In 2000, James Heckman, along with daniel mcfadden, received the Nobel Prize in economics. Heckman won the prize for “his development of theory and methods for analyzing selective samples,” highly technical work that it is difficult to explain to the layman. Nevertheless, the work rewarded by the Nobel committee has been valuable for economists’ studies of many issues that laymen do care about. The main technical problem on which Heckman has spent much of his professional life involves self-selection. An economist who wants to know, for example, how male workers will respond to a higher wage rate can take microdata on wages and hours worked and find a relationship. This approach has a problem that economists have long recognized: some men will not work at all and, therefore, will not be in the data set. And, presumably, these men who do not work will be disproportionately from the group that, had they worked, would have earned low wages. They have “self-selected” out of the workforce. So the economist’s estimates on the effect of wages on hours worked will be biased. How is the economist to deal with this fact if he wants to generalize from his sample to the male population in general?

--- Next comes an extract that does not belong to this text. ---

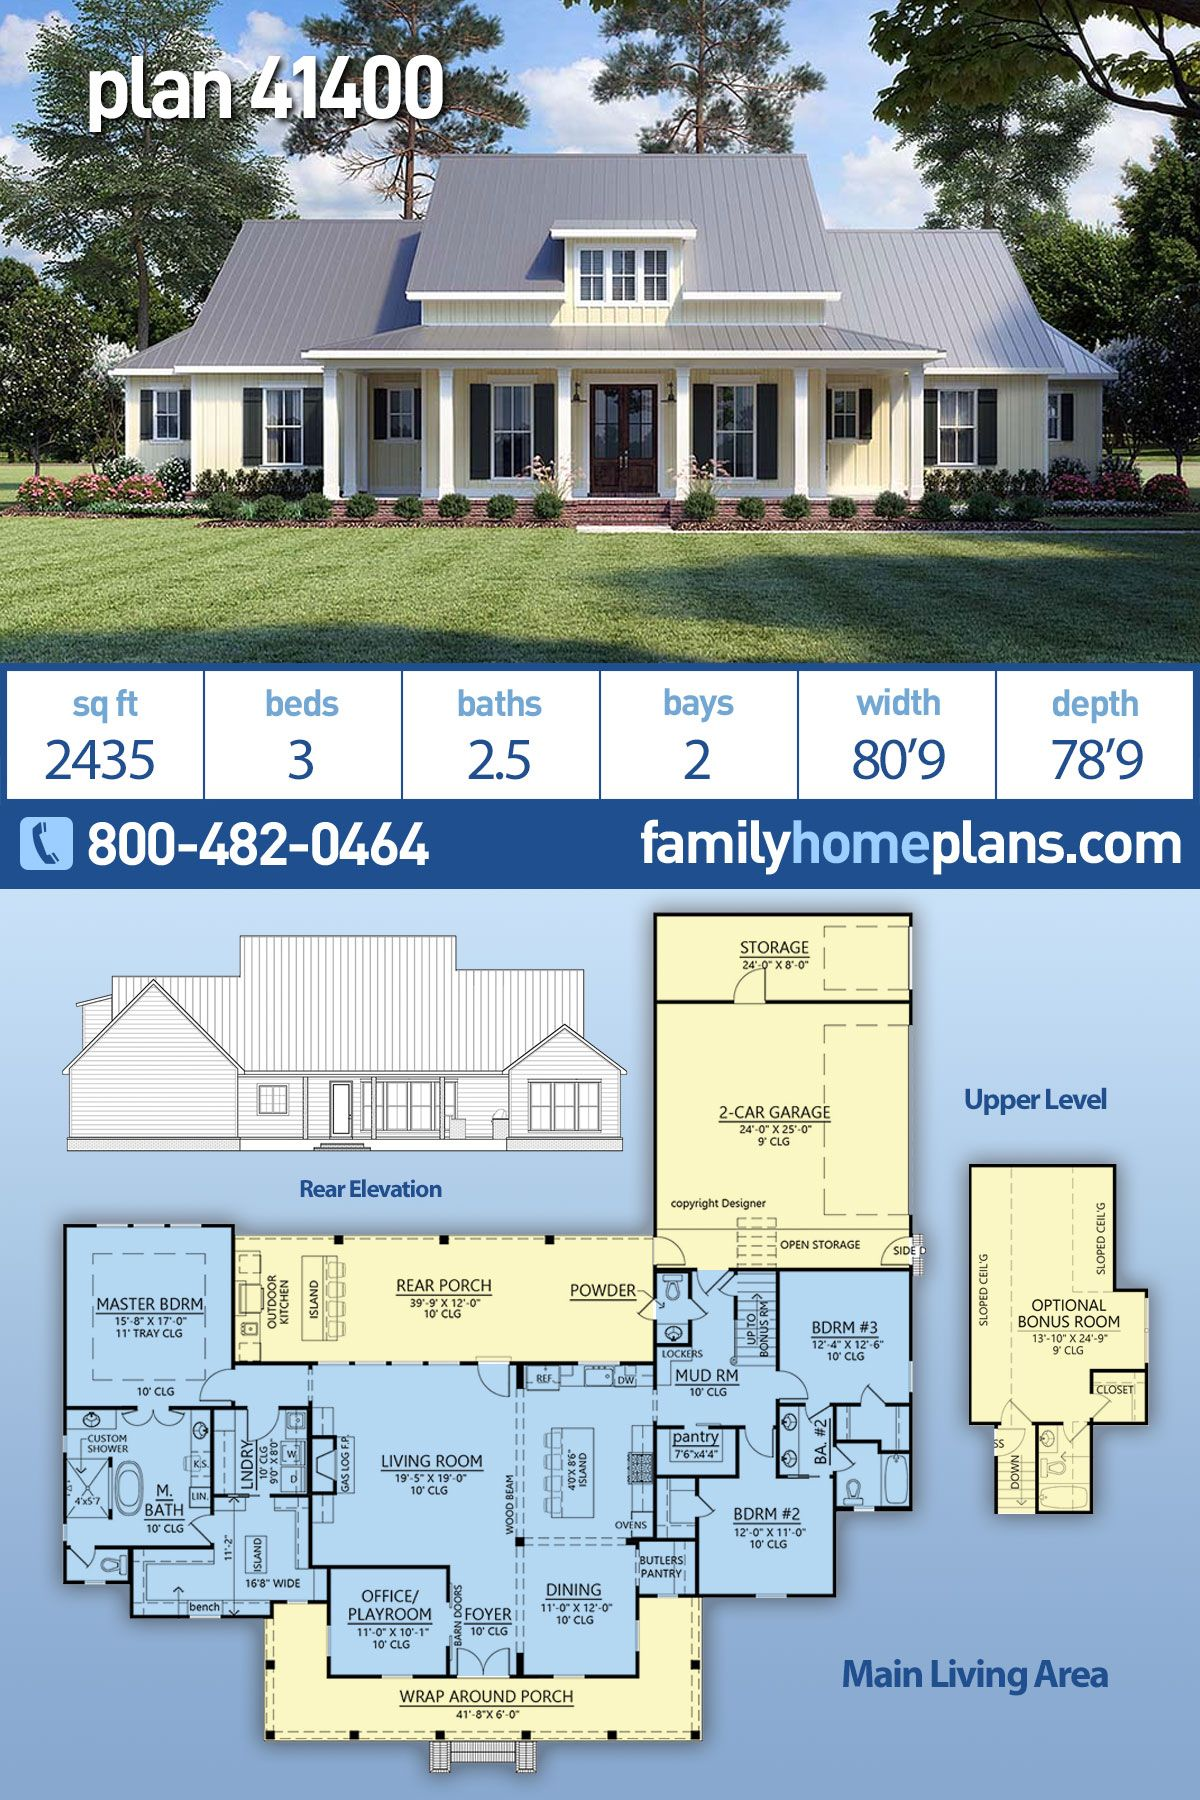 Traditional Style House Plan 41400 With 3 Bed 3 Bath 2 Car Garage Family House Plans Modern Farmhouse Plans Farmhouse Plans

Enter Heckman. Heckman came up with a clever econometric approach to figuring out how to correct for this self-selection problem. In fact, empirical economists now know his correction as the “Heckman correction” or the “Heckit method.” In 1985, using his own method to study the connection between work and wages noted above, Heckman found a bigger elasticity of labor supply among American men than had previously been thought to exist. That was because a given increase in wages did not just cause an increase in hours among those already working, but also caused relatively low-wage workers to reenter the labor market and get jobs.

In his Nobel lecture, Heckman laid out some important implications of self-selection for U.S. and European labor markets. One is that the vaunted diminution of the gap between black men’s and white men’s wages in the United States between 1940 and 1980 was due almost entirely to low-wage black men dropping out of the labor force. Another implication concerns the much-higher equality of wages in Europe compared with the United States that many economists and others have noted. Heckman pointed out that much of this difference is due to the fact that many low-skilled potential workers in Europe are not working. This is presumably because of high minimum wages, strong labor unions, and laws that make it hard for employers to lay people off (and therefore make the employers hesitant to hire).

The Nobel Web site refers to Heckman as “the world’s foremost researcher on econometric policy evaluation.” In 1999, Heckman and coauthors Robert LaLonde and Jeffrey Smith found that government programs to train workers are generally ineffective at increasing those workers’ wages and long-term employment prospects. The reason they appear effective is that the average wage gain of people in these programs is high. But Heckman and his coauthors showed that this occurs because the trainees typically have lost or quit their jobs prior to entering the training program and that training is a form (albeit inefficient) of job search. Much of the improvement in their posttraining fortunes would have occurred without a government program in place. This would probably come as no surprise to people who have been in such programs. In 2002, with Pedro Carneiro, Heckman also showed that lack of credit is not a major constraint on the ability of young Americans to attend college. They found that credit constraints prevent, at most, 4 percent of the U.S. population from attending.

Heckman has also weighed in on the issue of racial discrimination in U.S. labor markets. In 1998 he wrote, “[M]ost of the disparity in earnings between blacks and whites in the labor markets of the 1990s is due to the differences in skills they bring to the market, and not to discrimination within the labor market.”


Selected Works

 

1974. “Shadow Wages, Market Wages and Labor Supply.” Econometrica 42: 679–693.
1975. “The Common Structure of Statistical Models of Truncation, Sample Selection and Limited Dependent Variables and a Simple Estimator for Such Models.” Annals of Economic and Social Measurement 5: 475–492.
1976. “A Life Cycle Model of Earnings, Learning and Consumption.” Journal of Political Economy 84: S11–S44.
1979. “Sample Selection Bias as a Specification Error.” Econometrica 47: 153–161.
1981 (with Thomas MaCurdy). “New Methods for Estimating Labor Supply Functions.” In Ronald Ehrenberg, ed., Research in Labor Economics. Vol. 4. Greenwich, Conn.: JAI Press.
1998. “Detecting Discrimination.” Journal of Economic Perspectives 12, no. 2: 101–116.
1999 (with Robert LaLonde and Jeffrey Smith). “The Economics and Econometrics of Active Labor Market Programs.” In Orley Ashenfelter and David Card, eds., Handbook of Labor Economics. Amsterdam: North-Holland. Chap. 31.
2002 (with Pedro Carneiro). “The Evidence on Credit Constraints in Post-secondary Schooling.” Economic Journal 112: 705–734.